I am getting interested in CUDA because I am a great fun of writing high performance applications. I have made so many sql server applications run fast inside sql server and now I feel the I need to step outside sql server. I also feel I have hit the roof with multithread applications in C#.Something more challenging. Major hurdle is C++.!!
Kudos!
Nice!
Бронхиальная астма представляет собой хроническое воспалительное заболевание дыхательных путей. Заболевание бронхиальная астма чаще всего возникает в детском возрасте. Бронхиальная астма у детей может проявляться неодинаково. Заболевание может дать о себе знать затрудненным или свистящим дыханием, приступами удушья, одышкой, кашлем, стеснением в груди. Когда поставлен диагноз бронхиальная астма лечение оптимально начинать незамедлительно. Существует множество способов как лечить бронхиальную астму. При этом особого подхода требует лечение астмы у детей. Особенно результативным показывает себя лечение астмы современными методами. Новейшие методы лечения астмы помогут Вам забыть об этом заболевании. В частности, прекрасно зарекомендовало себя лечение астмы по методу цубо, который пришел к нам из Японии, где применяется уже сотни лет.
Asthma.In.Ua – Бронхиальная астма: лечение астмы по методу цубо
Типография Printing House. Мы занимаемся полиграфией с 2008 года, и всегда обращены лицом к нашим заказчикам, открыты для общения. http://pr-home.ru/broshyury.html – печать журналов
Pingback: Fix Cuda Nvcc Error Windows XP, Vista, 7, 8 [Solved]
Spot on with this write-up, I really believe this web site needs much more attention. I’ll probably be
back again to see more, thanks for the advice!

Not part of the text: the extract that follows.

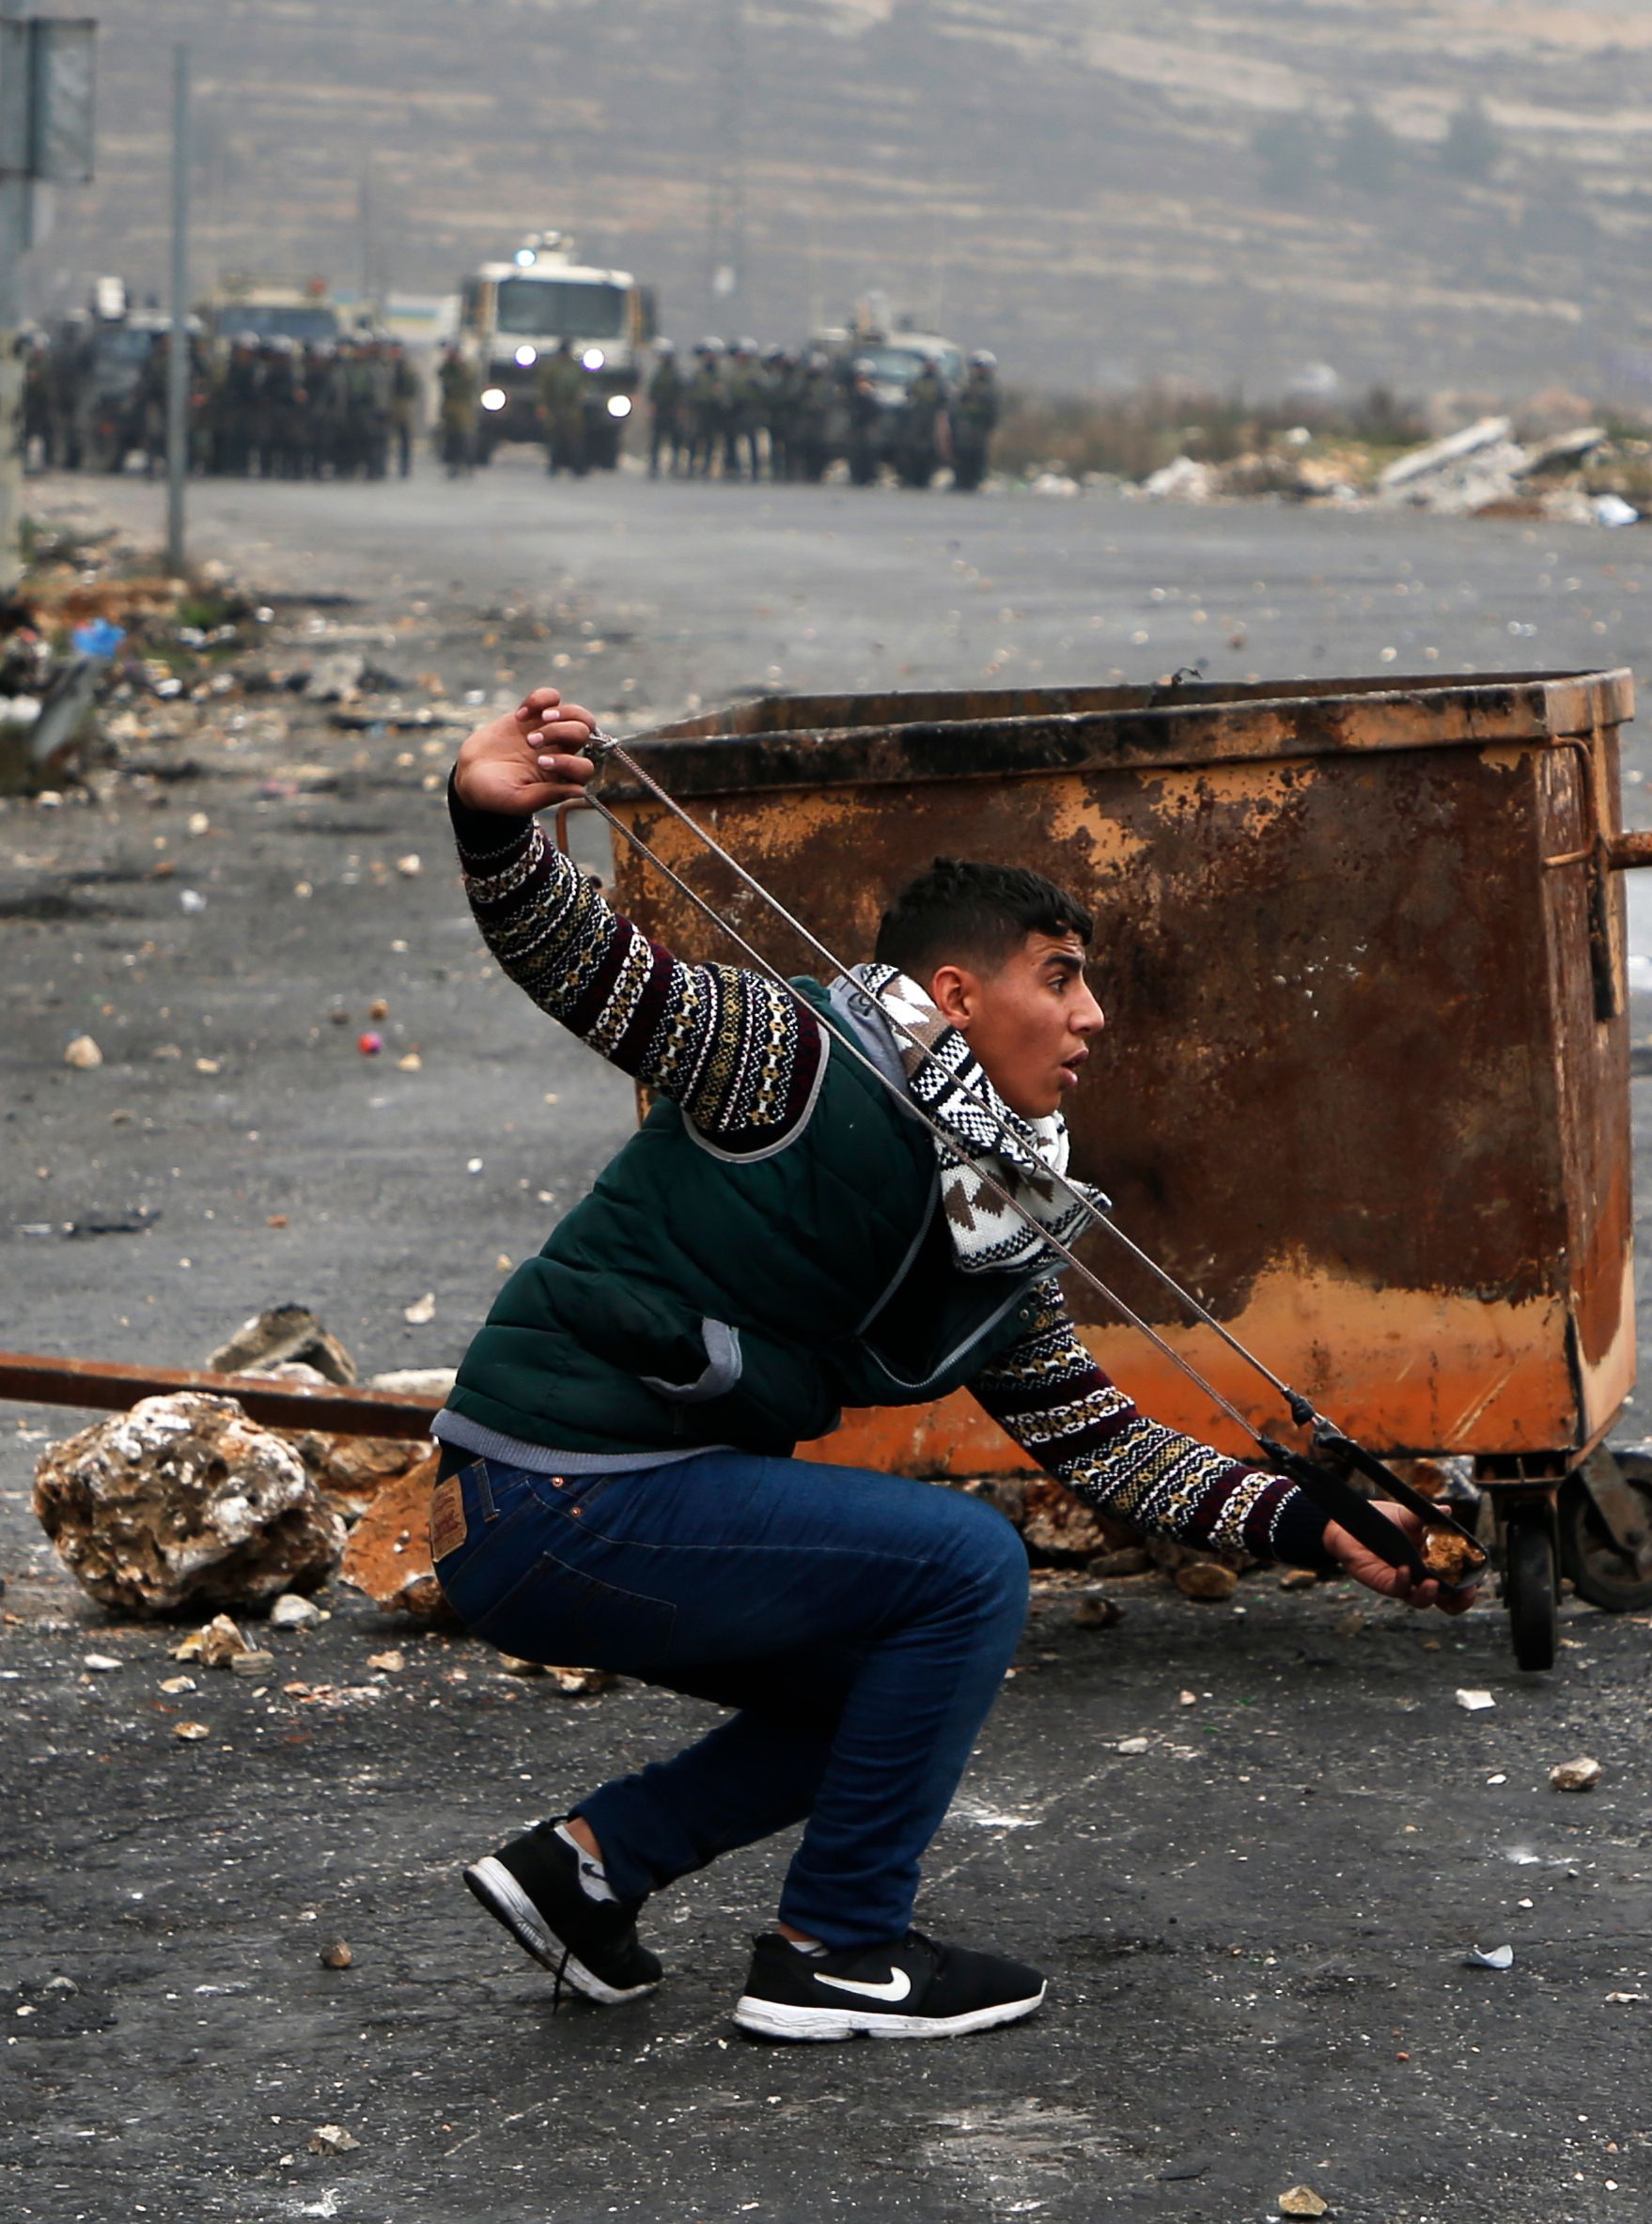 فلسطينيون يستخدمون الحجارة أمام قوات الاحتلال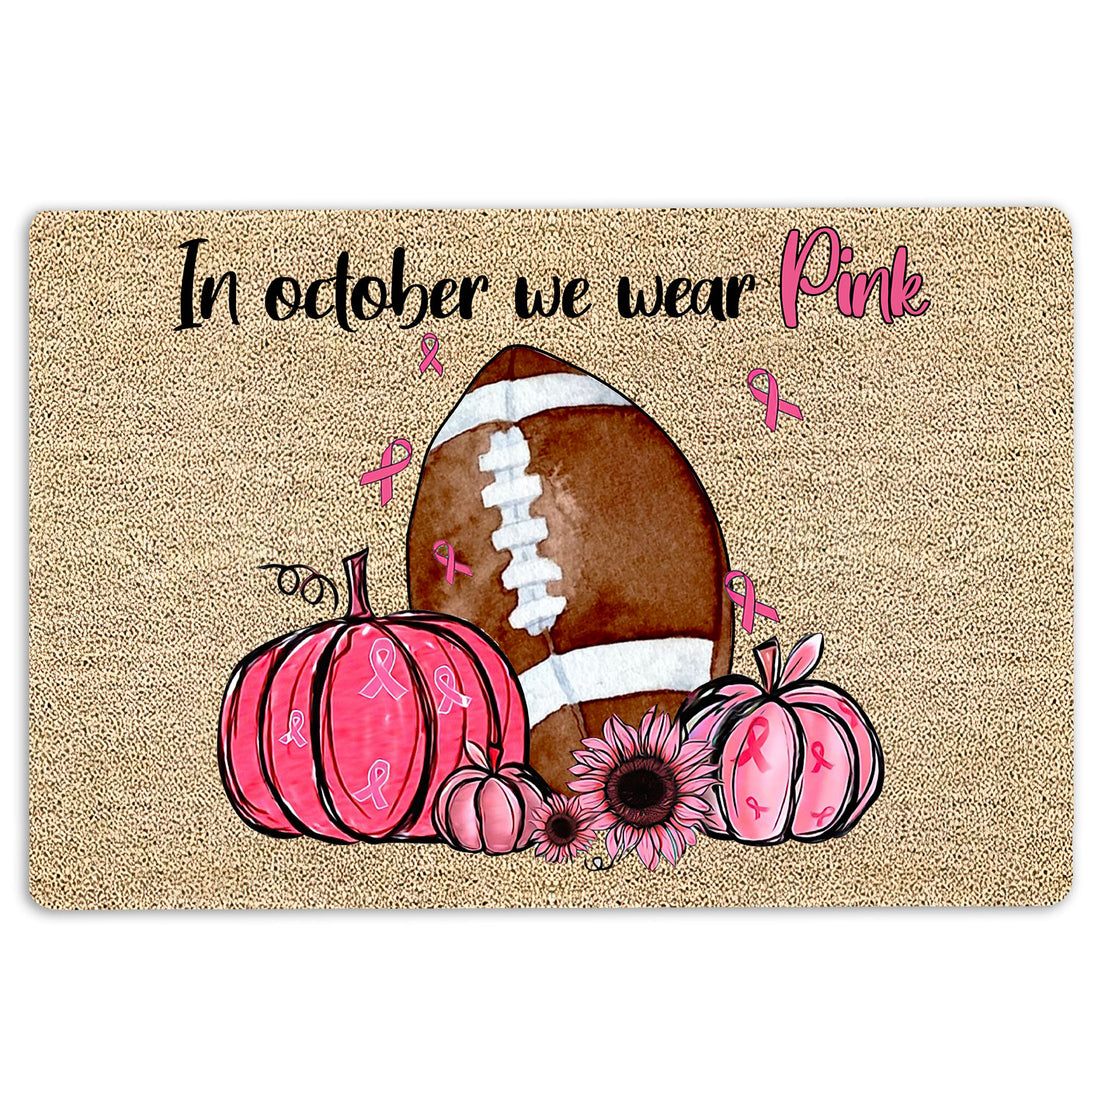 Ohaprints-Doormat-Outdoor-Indoor-Breast-Cancer-Football-In-October-We-Wear-Pink-Rubber-Door-Mat-1919-18'' x 30''

I am in fact pleased to read this webpage posts which consists of tons
of valuable facts, thanks for providing these kinds of information.
Сайтдетское веселье о детях для родителей
I don’t even understand how I ended up right here, but I thought this put up
was once good. I don’t know who you are however certainly
you’re going to a well-known blogger for those who aren’t already.
Cheers!
Hello again. I tried to get the source program using firefox . It did not work¡¡¡ Please.
Hi, ¿can i get source code for this example? The link is no longer.
Hey there! Do you know if they make any plugins to safeguard
against hackers? I’m kinda paranoid about losing everything I’ve worked hard on. Any tips?
obviously like your website but you have to test
the spelling on several of your posts. Many of them are rife with spelling problems and I find it very troublesome to tell the reality nevertheless
I will certainly come again again.
Pingback: Ejemplos de programación de GPGPU en CUDA | Todo lo que buscabas en Programación
garcinia Cambogia Reviews – GCE likewise assists to boost
the serotonin material in the brain. It decreases manufacturing of terrible cholesterol
and enhances the production of superb cholesterol levels.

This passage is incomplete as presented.